Kleshas — Sources of Suffering

The kleshas describe the fundamental distortions that give rise to suffering. They are errors of identification, not moral failings.

The kleshas operate at the level of perception.


Avidya (अविद्या)

Ignorance. Mistaking the impermanent for the permanent. Mistaking the constructed for the essential.

Avidya is the root condition from which all other kleshas arise.

It is not lack of information. It is mis-seeing.


Asmita (अस्मिता)

Egoism. Identification of awareness with the instruments of perception.

Asmita is the collapse of “observer” into “observed.”

The sense of “I am this.”


Raga (राग)

Attachment. Grasping toward what is perceived as pleasant.
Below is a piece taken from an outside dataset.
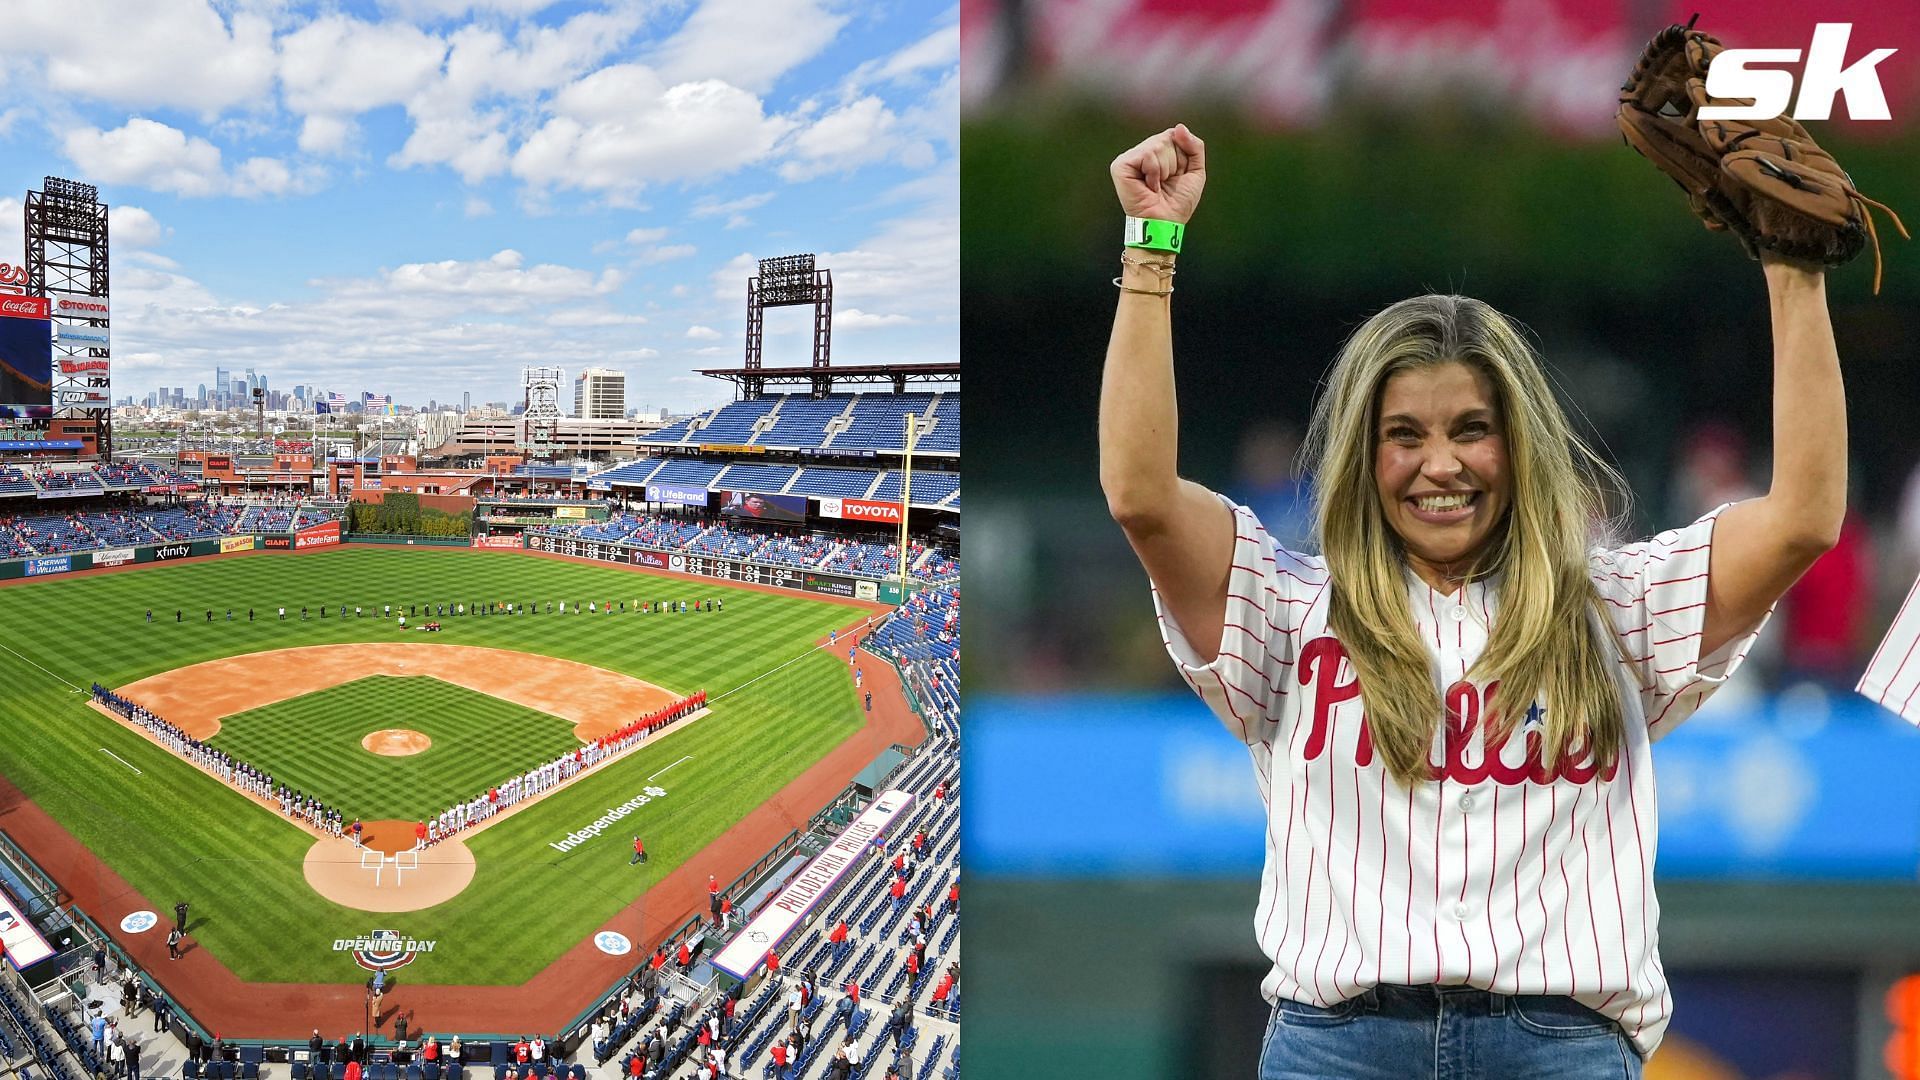 &quot;Boy Meets World&quot; star Topanga throws first pitch at Phillies game

Raga narrows attention and binds future action.


Dvesha (द्वेष)

Aversion. Resistance to what is perceived as unpleasant.
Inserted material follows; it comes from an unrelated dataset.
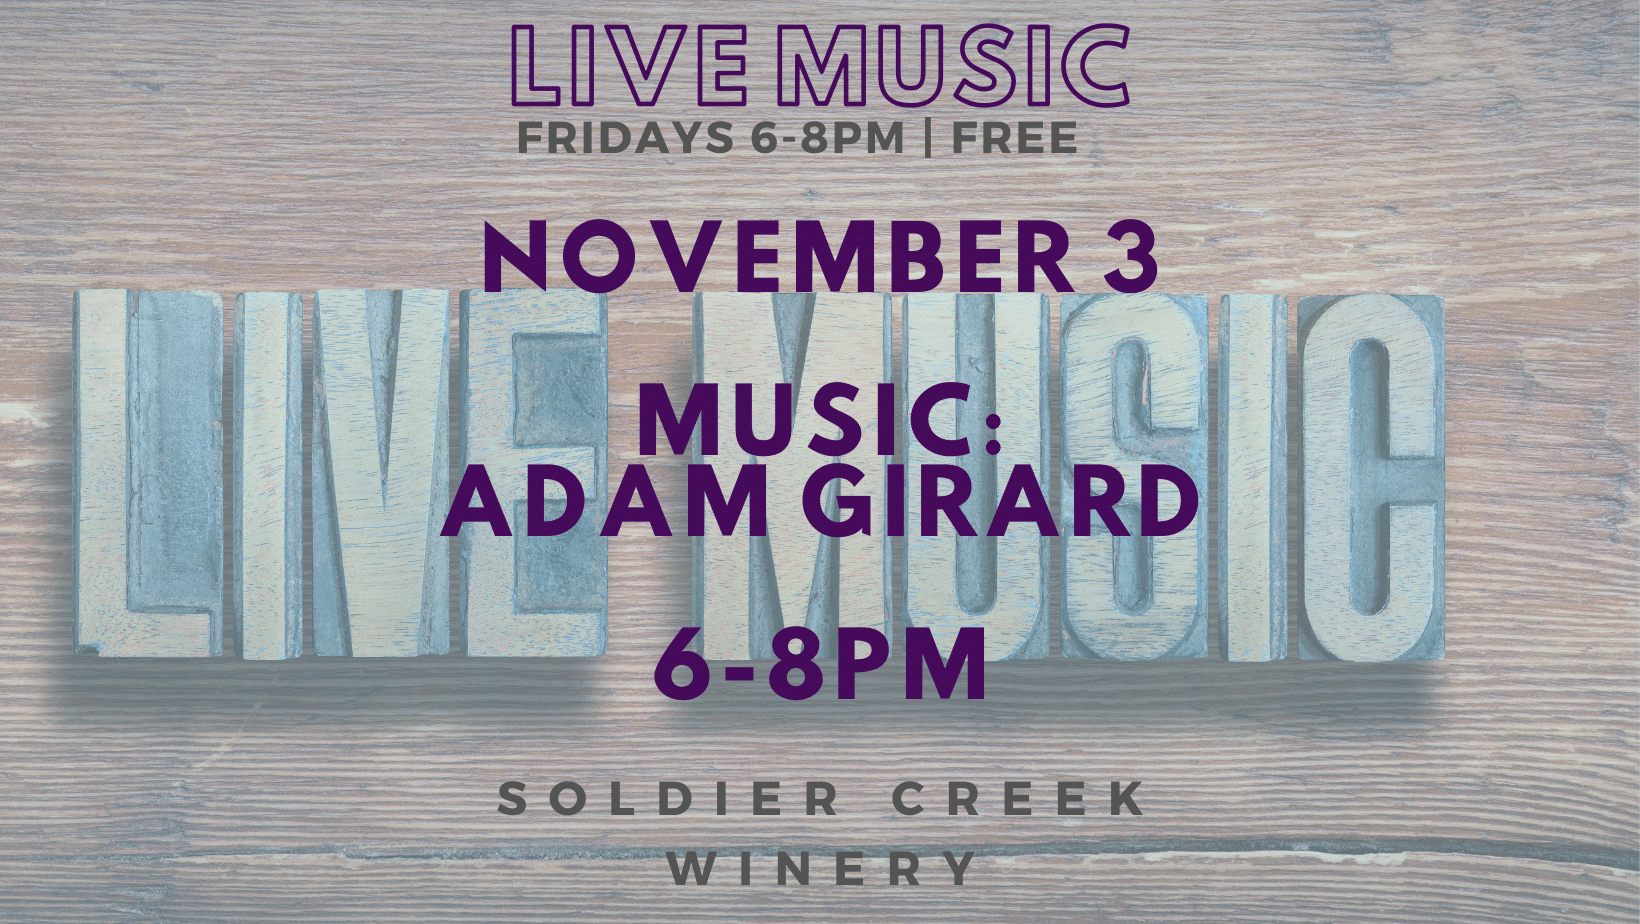 live music at soldier creek winery every friday, november 3 is adam girard from 6-8pm. free to listen!

Dvesha fractures attention and produces reactivity.


Abhinivesha (अभिनिवेश)

Clinging to life. Fear of dissolution, loss, or non-being.

Abhinivesha persists even in the wise.

This is the most subtle klesha.


Structure

The kleshas are not independent.

Avidya → Asmita → Raga / Dvesha → Abhinivesha

They form a cascade, not a checklist.


Notes on Use

  • Kleshas explain why suffering persists
  • They are addressed through practice, not argument
  • Reduction of kleshas is gradual and asymptotic

Freedom is not the absence of sensation, but the absence of mis-identification.